Streets Of Rage – Sega’s next big movie hit? (pic: Sega)
The first new movie project to get the greenlight after the success of Sonic 2 is an adaptation of Mega Drive classic Streets Of Rage.
There are signs that Sega may finally be awakening from its decades long slumber, with rumours of not just big budget reboots of beloved retro titles but a movie adaptation of Streets Of Rage, by the creator of John Wick.
As a recent Reader’s Feature pointed out, the success of the second Sonic The Hedgehog movie is certain to ensure a new wave of video game movie adaptations, and in fact just today there’s been word of a Minecraft movie starring Jason Momoa.
That’s Minecraft though, which was always bound to get a movie at some point, but not so much Streets Of Rage, a 2D scrolling beat ‘em-up that was only recently revived with indie sequel Streets Of Rage 4.
The Streets Of Rage movie is being greenlit as a direct reaction to Sonic’s success, although it’s a vastly different prospect, since if you take the plot and setting seriously it’s all about fighting an evil crime syndicate in a series of street brawls – accompanied by early 90s techno music.
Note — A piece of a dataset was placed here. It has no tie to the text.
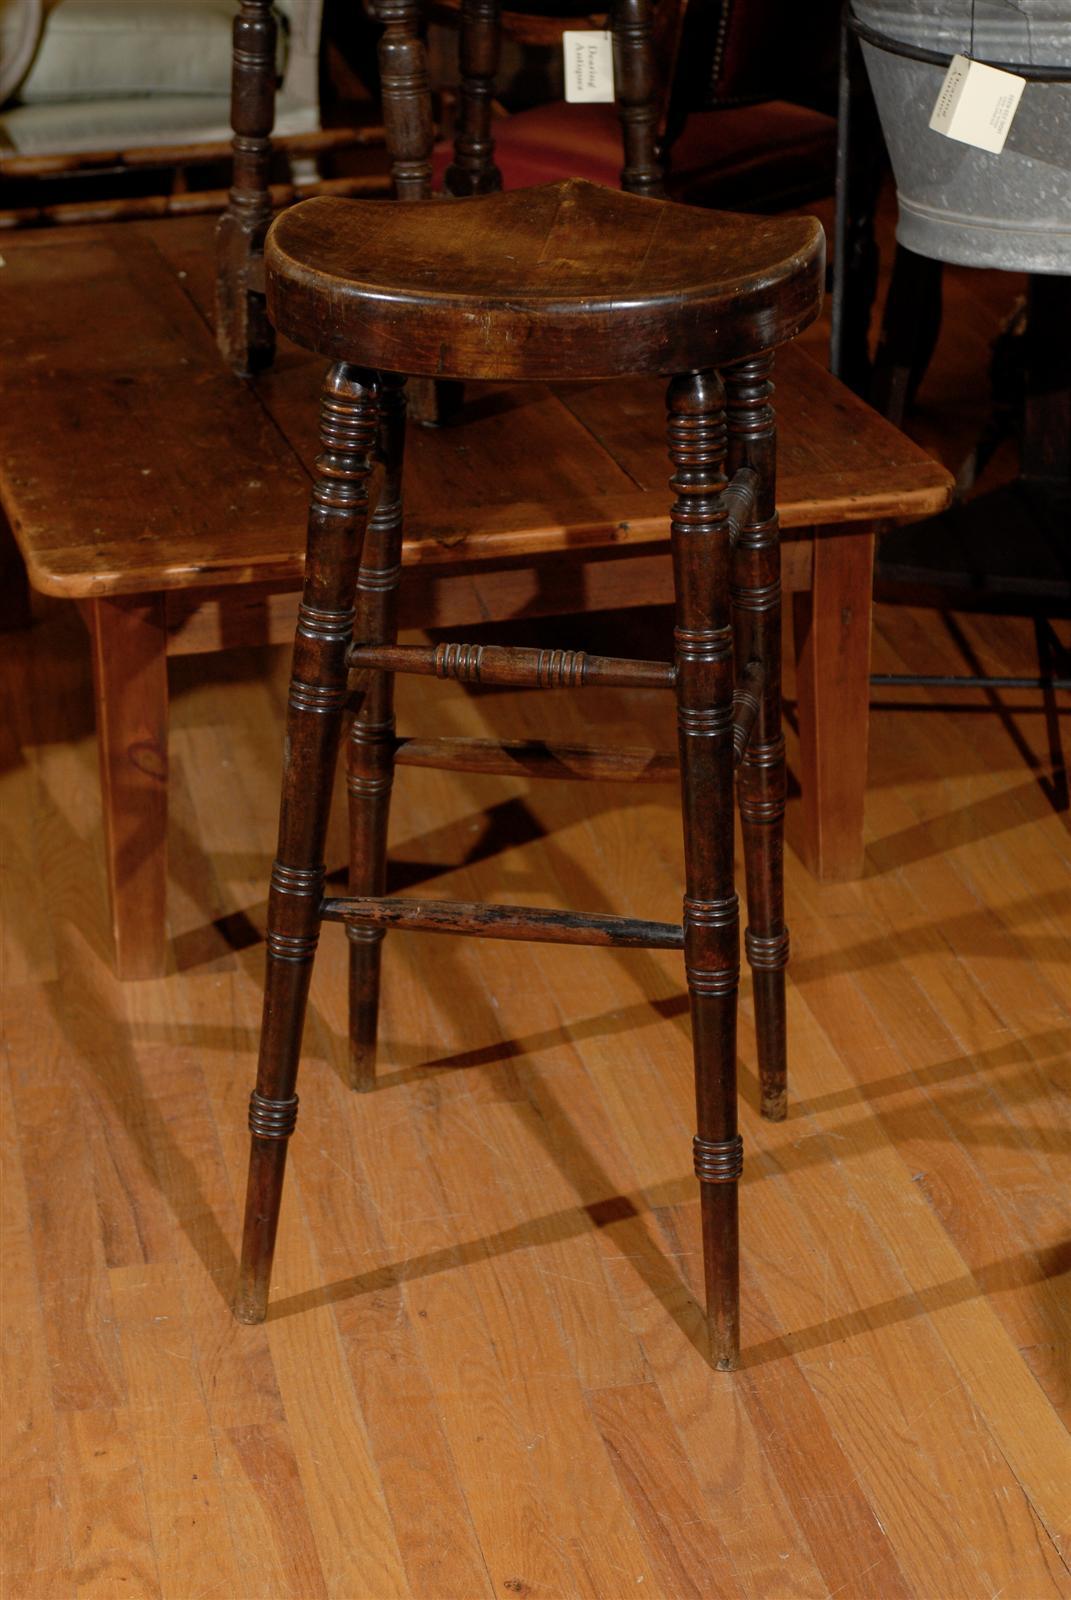 English Bar Stool With A Saddle Shaped Seat At 1stdibs

That’s not as easy a sell as a cuddly blue hedgehog but it’s apparently enough of a premise to attract Derek Kolstad to work on the script, who previously helped to create the John Wick franchise and Bod Odenkirk film Nobody.
Sonic movie producers dj2 Entertainment and Escape Artists will produce the film, with the former also planning to adapt co-op favourite It Takes Two for both television and film.
According to Deadline, there’s no indication of the director or actors, but the film is unlikely to involve John Wick director Chad Stahelski as he’s already working on an adaptation of Ghost Of Tsushima for Sony.
The original Mega Drive game featured the police as good guys, but the recent indie sequel took a different tone, with a corrupt police force being part of the problem.
It’s easy to imagine that might be the case for the movie but how anyone is going to adapt a video game with so little plot, whose sole appeal is its violence and soundtrack, remains to be seen.